PROVIDED RECORDS:
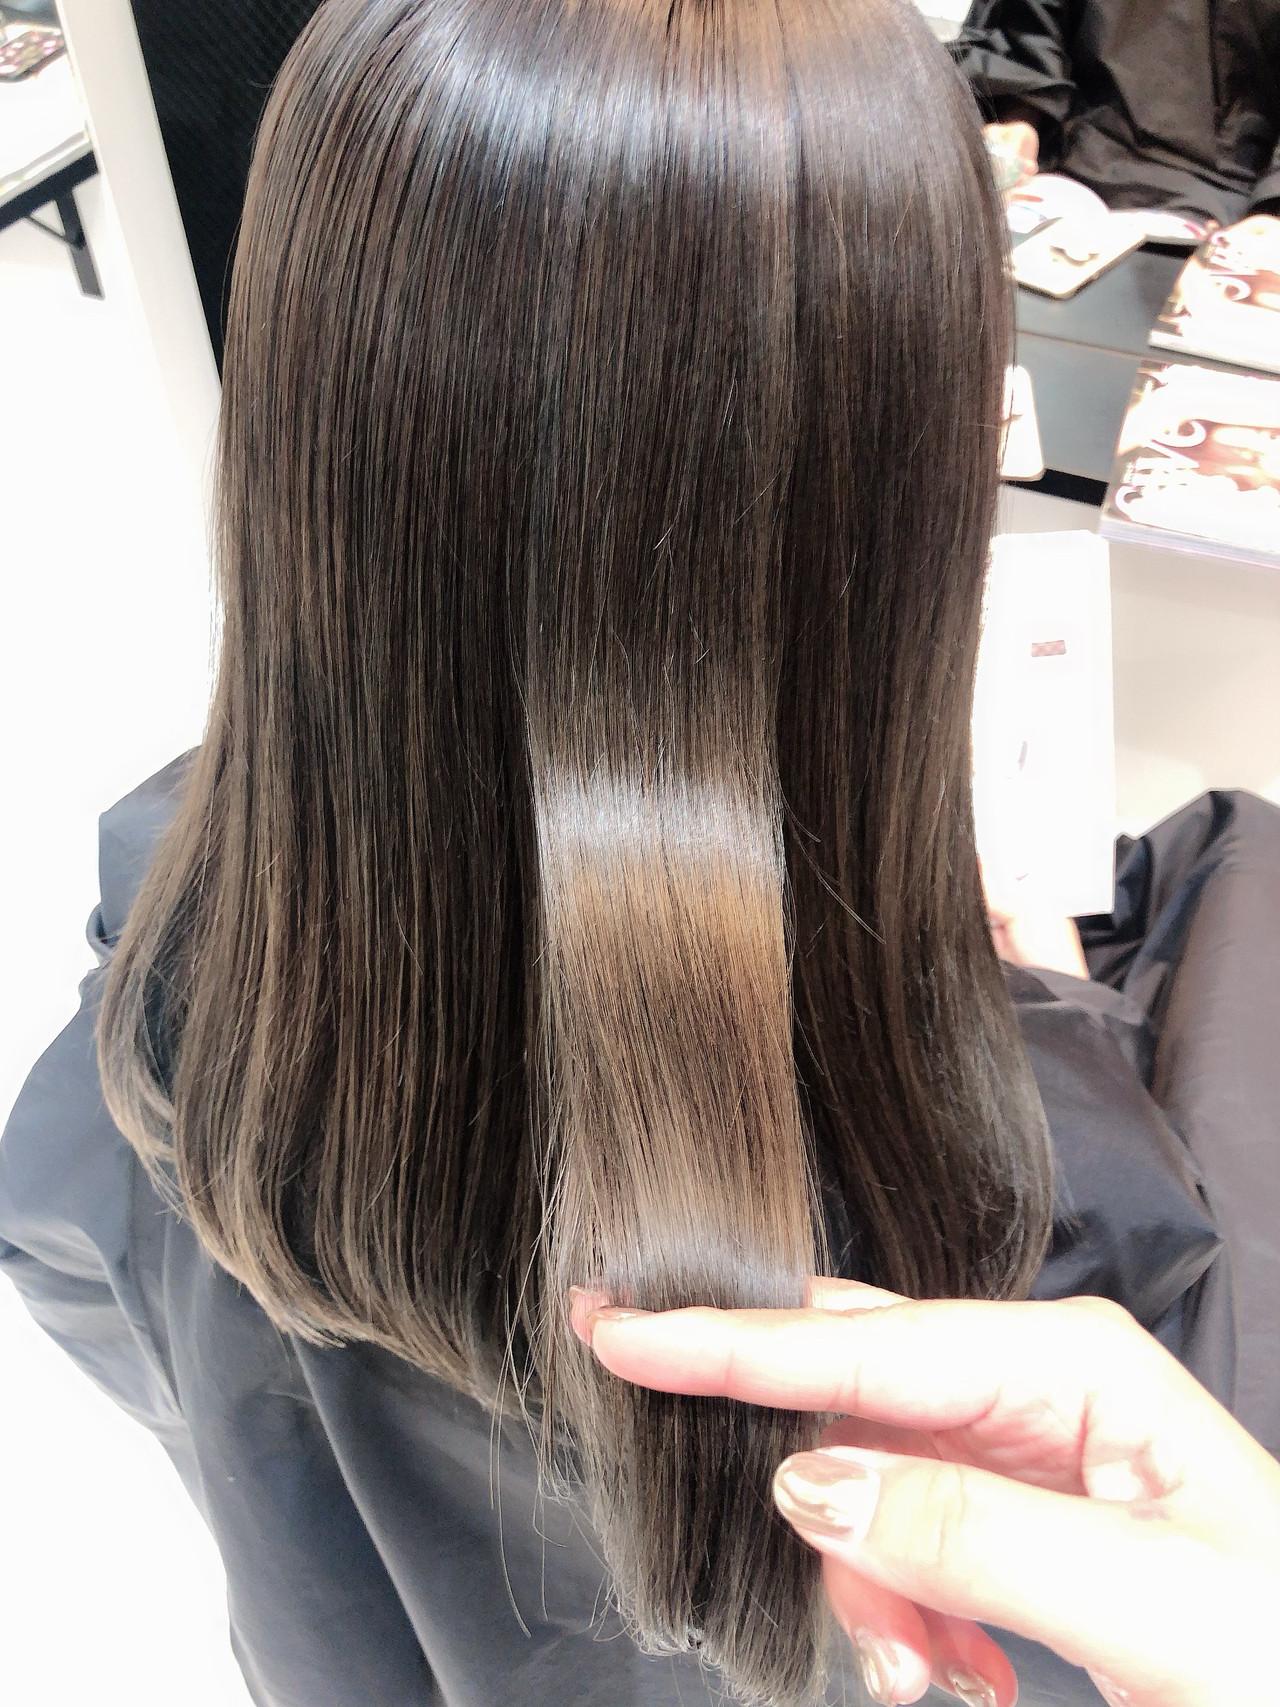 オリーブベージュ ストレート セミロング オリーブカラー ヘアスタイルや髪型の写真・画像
---
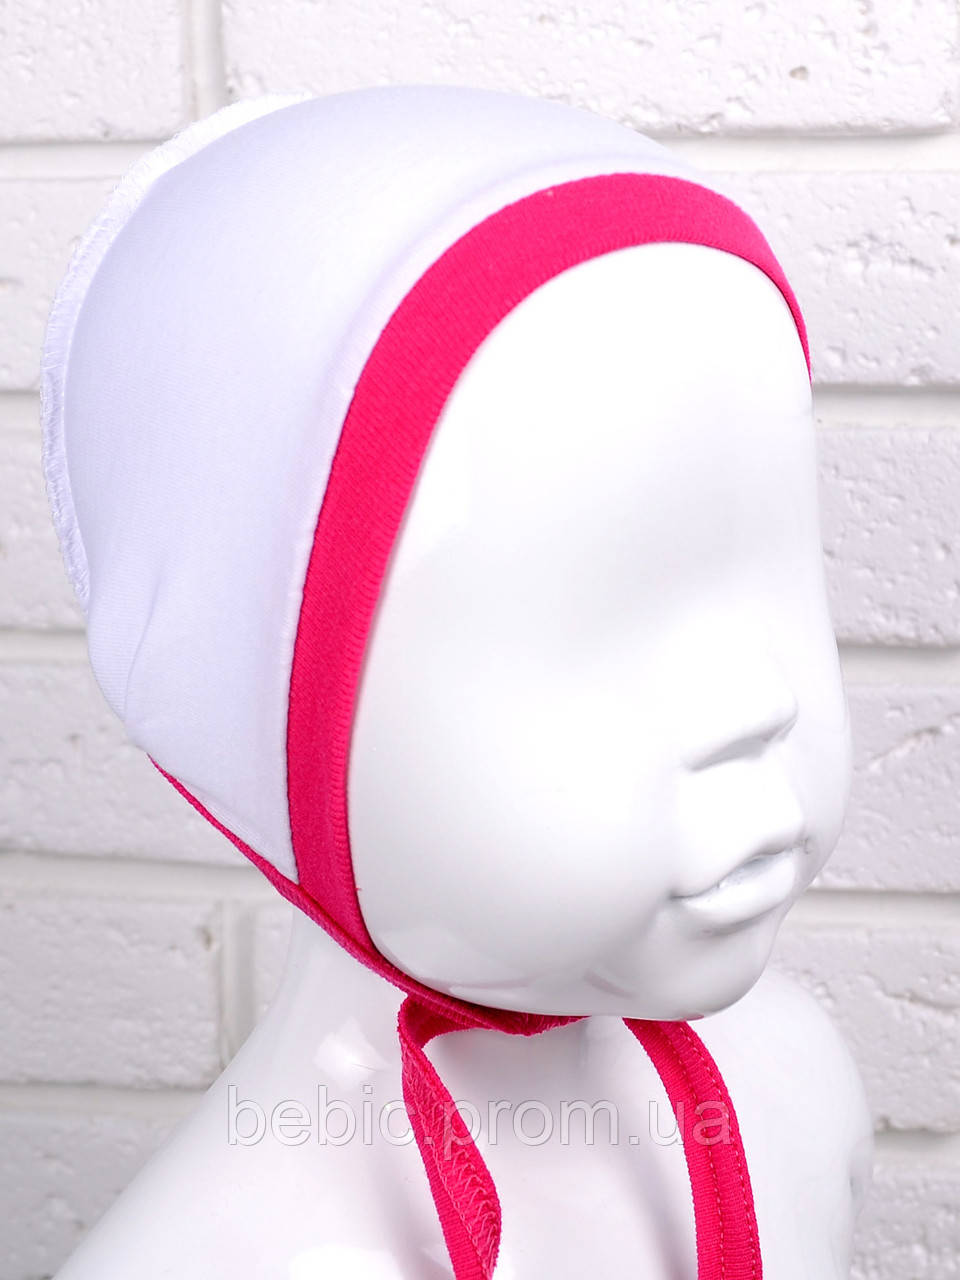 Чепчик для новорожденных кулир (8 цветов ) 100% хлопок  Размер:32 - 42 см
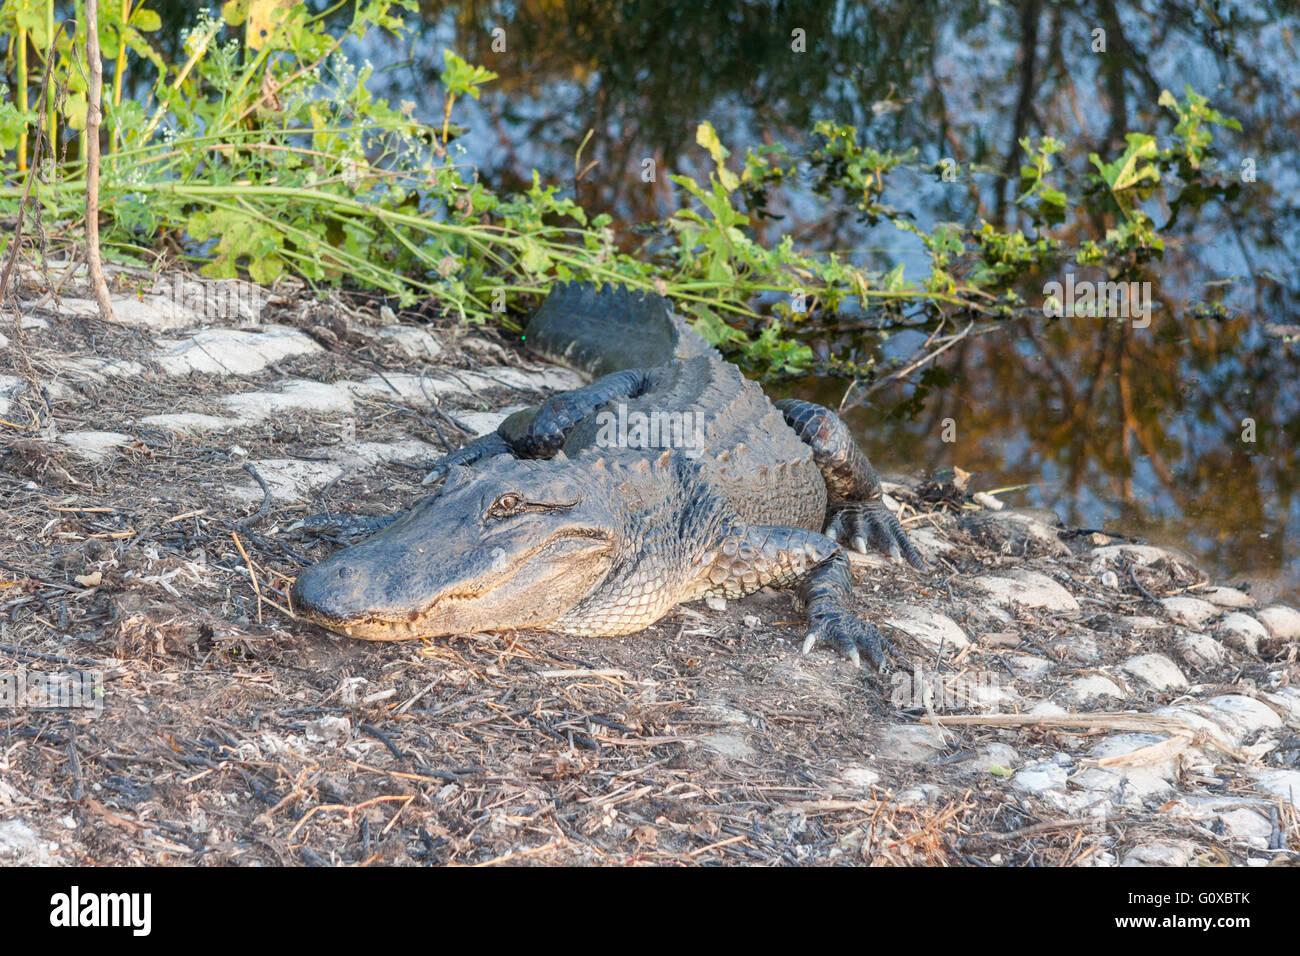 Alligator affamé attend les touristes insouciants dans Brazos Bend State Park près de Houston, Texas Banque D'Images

TASK DETAILS: Print the part of the listing above that opens with the line containing "Чепчик для новорожденных" and closes with the line containing "Alligator affamé attend". Copy it exactly, both ends included, and omit the pictures.

EXPECTED ANSWER:
 Чепчик для новорожденных кулир (8 цветов ) 100% хлопок  Размер:32 - 42 см
 Alligator affamé attend les touristes insouciants dans Brazos Bend State Park près de Houston, Texas Banque D'Images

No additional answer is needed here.